- _About this exercise_: Once you find the line with "El sonido de", output it and every line after it exactly, through the last line of the listing, but no pictures.

- _Data section_:
☆ ☆ ☆ ☆
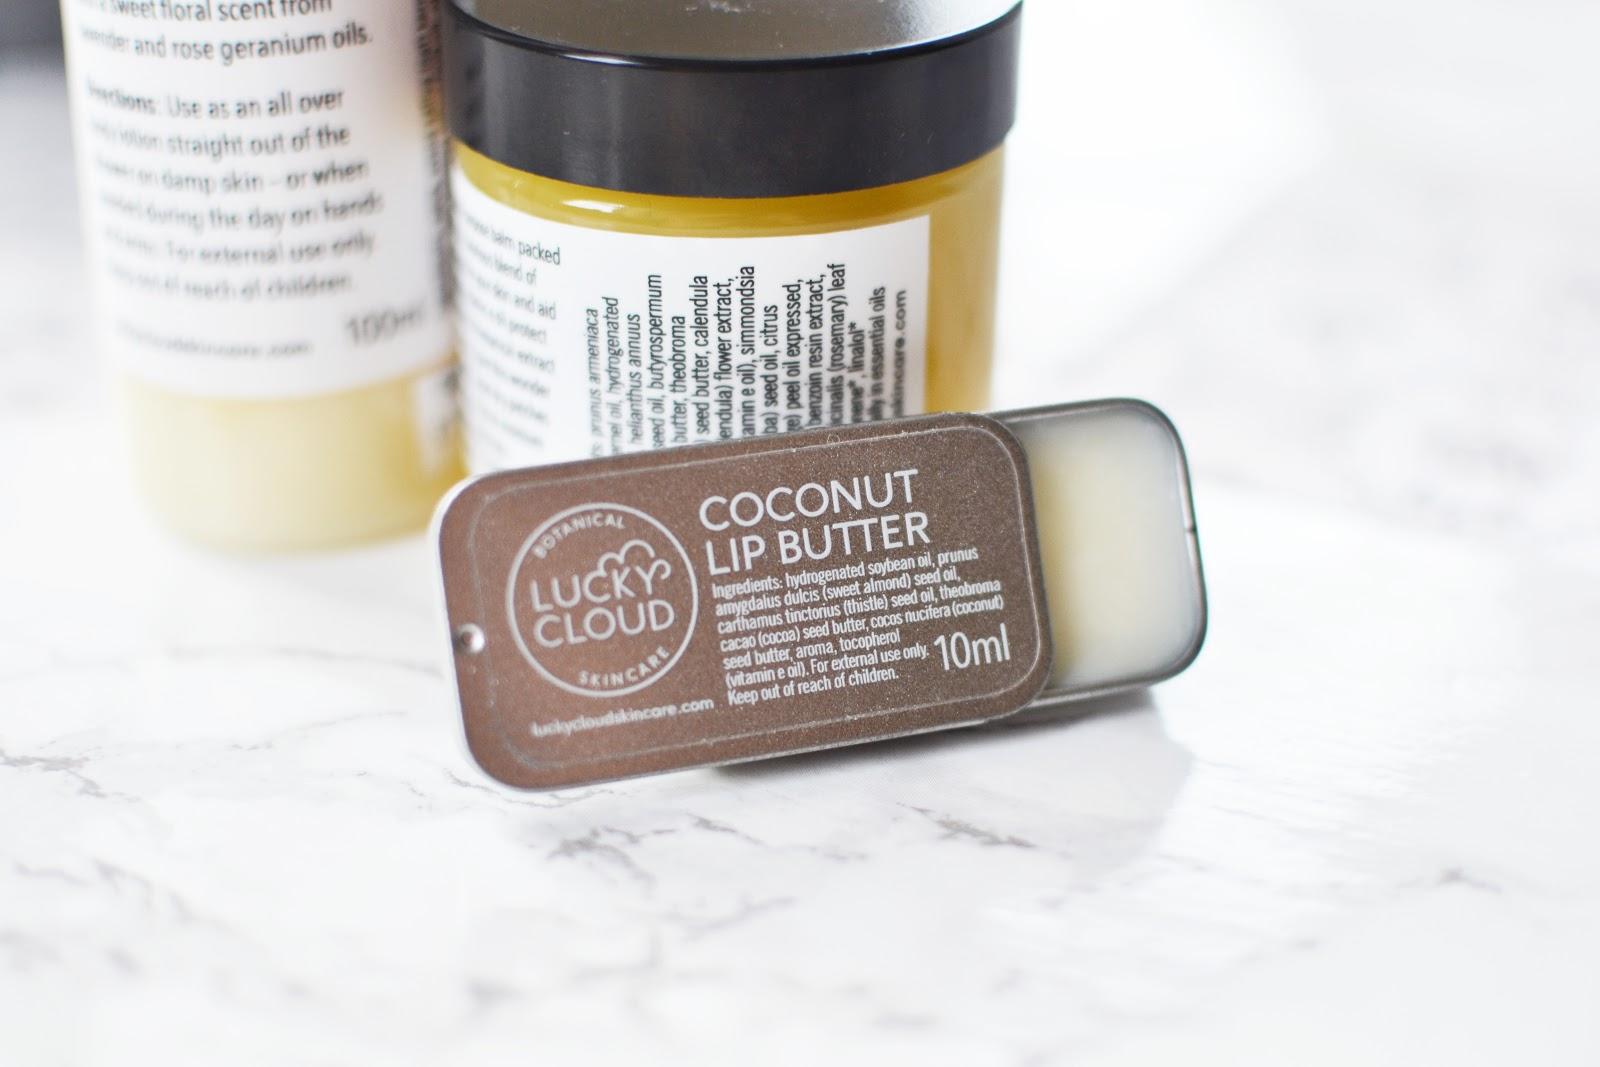 Lucky Cloud Coconut Lip Butter
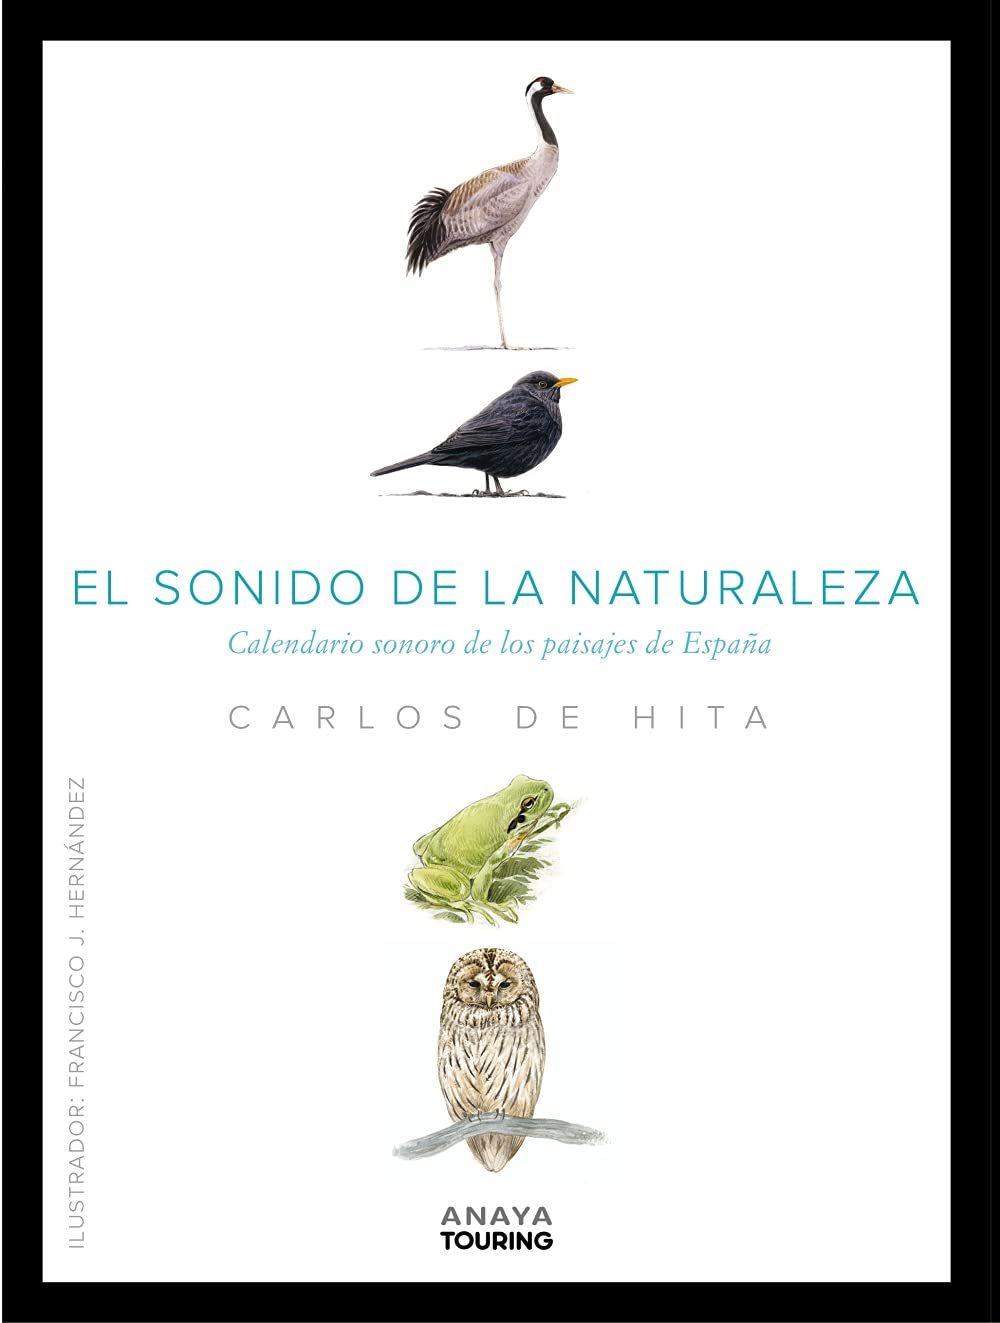 El sonido de la Naturaleza. Calendario sonoro de los paisajes de España. Anaya Touring.
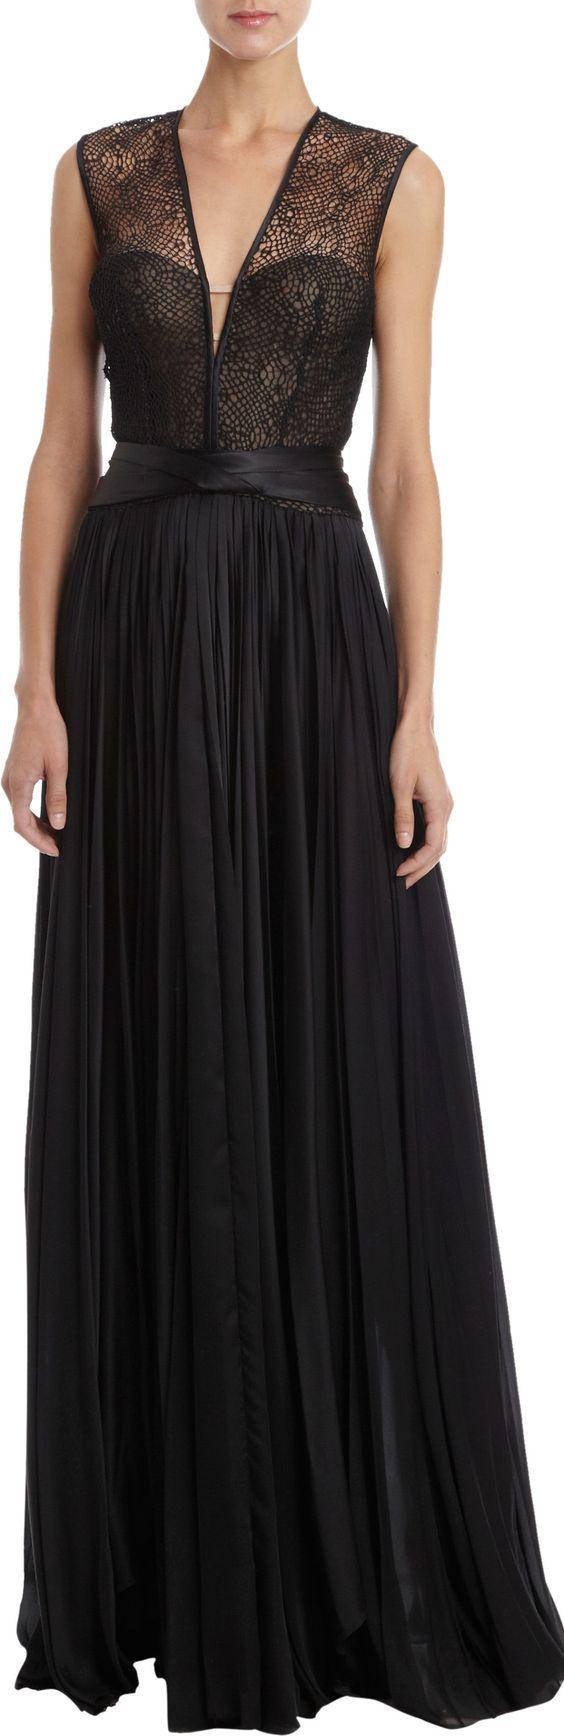 A long black dress 6 months
☆ ☆ ☆ ☆
- _Task result_:
 El sonido de la Naturaleza. Calendario sonoro de los paisajes de España. Anaya Touring.
 A long black dress 6 months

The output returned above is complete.